In July 2021, I led a virtual workshop session on multiple choice testing in philosophy as part of the AAPT series on “How We Teach”. This is an adapted version of the handout I distributed with the presentation. Multiple choice testing is sometimes dismissed as too easy for students, too open to dishonesty, or too difficult to design for instructors. Here, I give an argument in favour of multiple choice testing, I respond to some concerns, and I offer some tips and best practices resources for effective multiple choice testing in philosophy. Much of what I say here will be relevant to other academic disciplines and other testing scenarios in addition to academic philosophy.

Why use multiple choice?

There are many good reasons to include multiple choice within a balanced assessment portfolio. I focus on effectiveness, fairness, and efficiency.

Effectiveness: Multiple Choice questions can be an effective way to assess the learner’s ability to recall, understand, apply, analyze, and evaluate. Standardized tests typically use case studies and sight passages to assess student’s understanding, application of concepts, analysis, and evaluation of novel information. So, to an extent, many of us are familiar with multiple choice testing that is designed to assess skills beyond information recall. One frequent objection to those types of tests is that they assess ‘test taking ability’ or ‘familiarity with the test format’ rather than assessing analysis or understanding. Keeping this worry in mind, I have tended to design my tests as open book and without time limit. Open book because I am very happy to build formative assessments that force students to look at the course material in a new light, and give students the opportunity to examine what they find in that new light. If they read a passage for the first time, or re-read it for a subsequent time, in order to answer the question, the test has done its job.
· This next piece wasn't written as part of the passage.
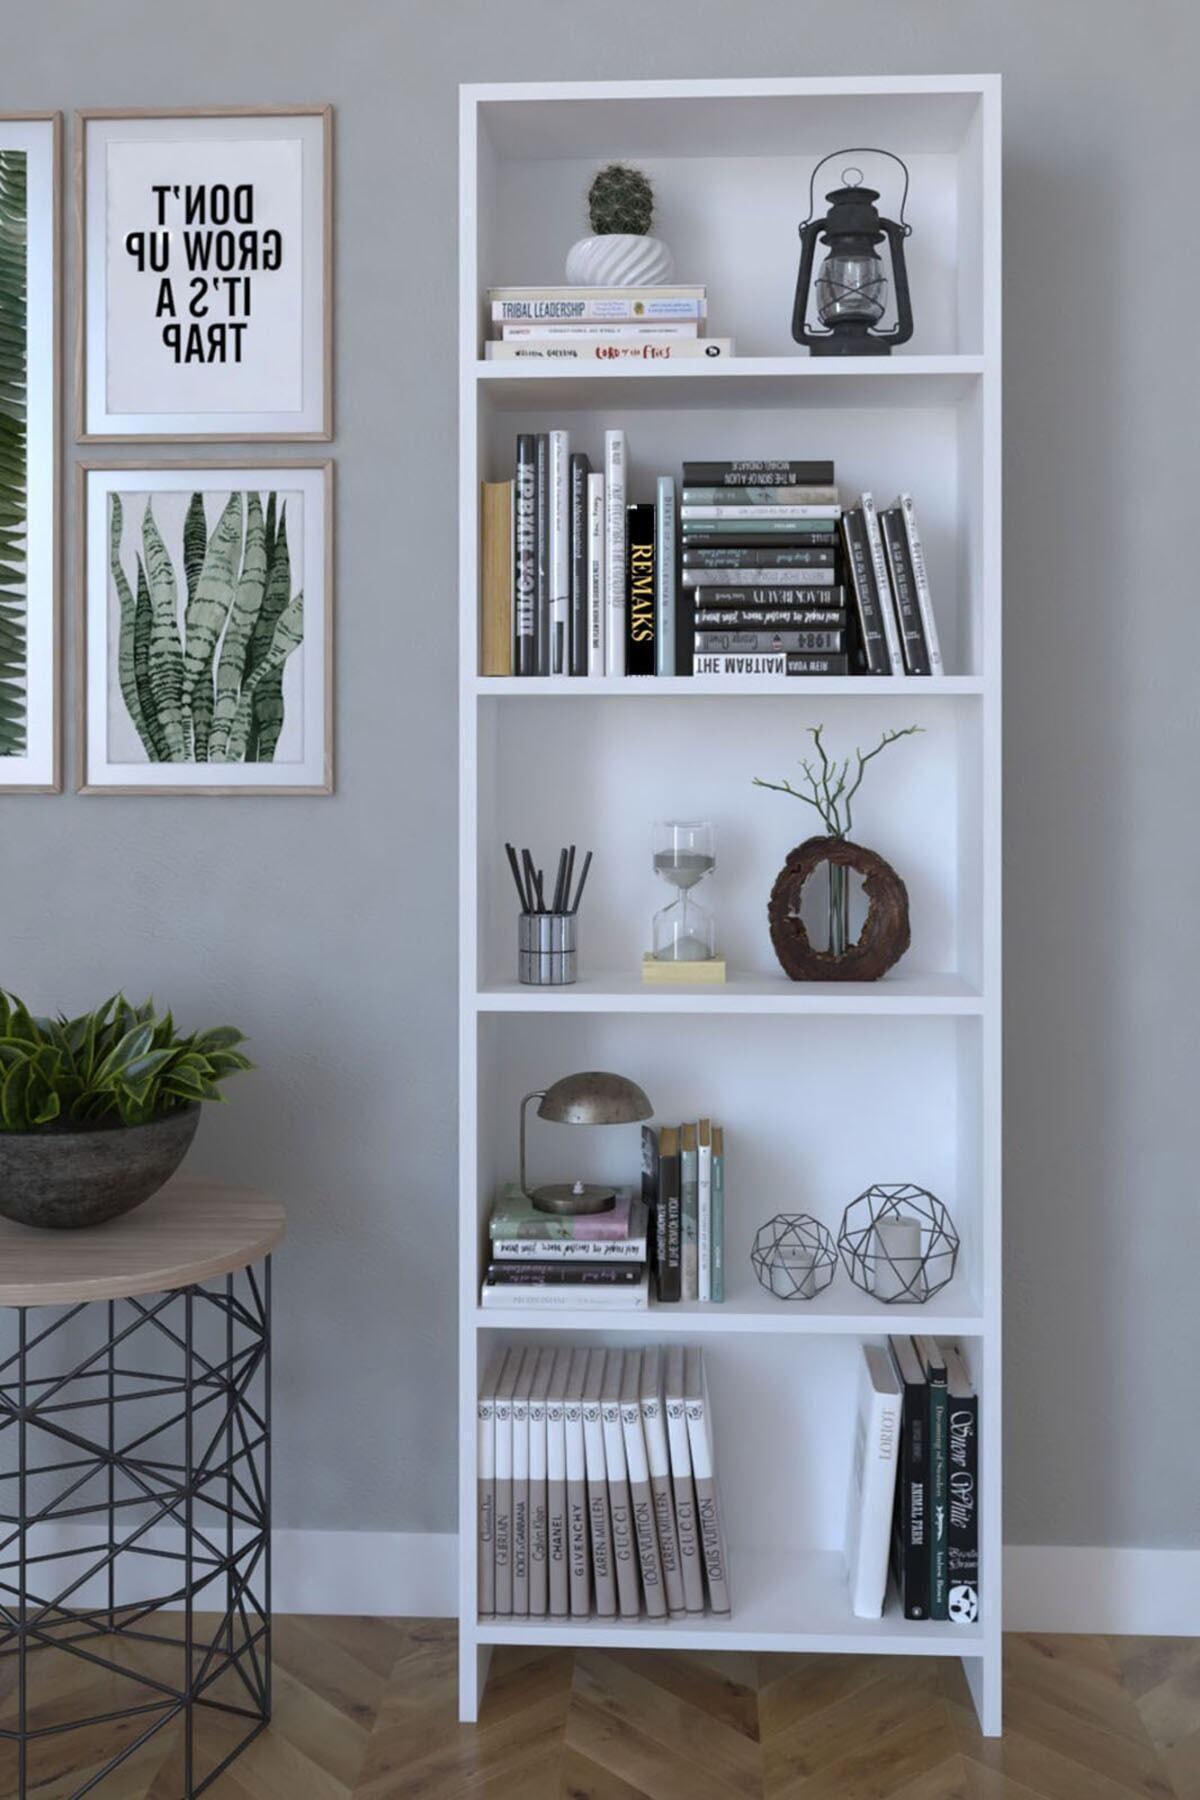 5 Raflı Modern Kitaplık Dosya Kitap Rafı Ofis Ev Rafı Kitap Raf Beyaz

Fairness: Sometimes, assessing students can be unavoidably subjective. For essays and presentations, the bias and subjectivity is mostly located at the stage of marking or assessing student work, with some biases and subjectivity located in the design of the assignment. Rubrics can help standardize the subjectivity across students (thereby increasing fairness), but a level of subjectivity remains. Think of cases where TAs and instructors standardize each other’s ‘A’ paper, ‘B’ paper, and ‘C’ paper, or cases where students appeal a grade by comparing marks and assignments with other students in the class. For multiple choice, the subjectivity of assessment is located at the stage of writing questions, rather than at the stage of marking questions. As a result, the subjectivity and bias are more fairly distributed across all test takers (Loftis 2019). I have taken Rob Loftis’s advice seriously, and have taken to offering students a space in which to explain their answer. I don’t read these explanations for correct answers, but find I am often able to give partial or full credit to students who misunderstood the question but demonstrate understanding of the material, and other times these responses help me to recognize and rectify (with full credit) questions that were unintentionally ambiguous.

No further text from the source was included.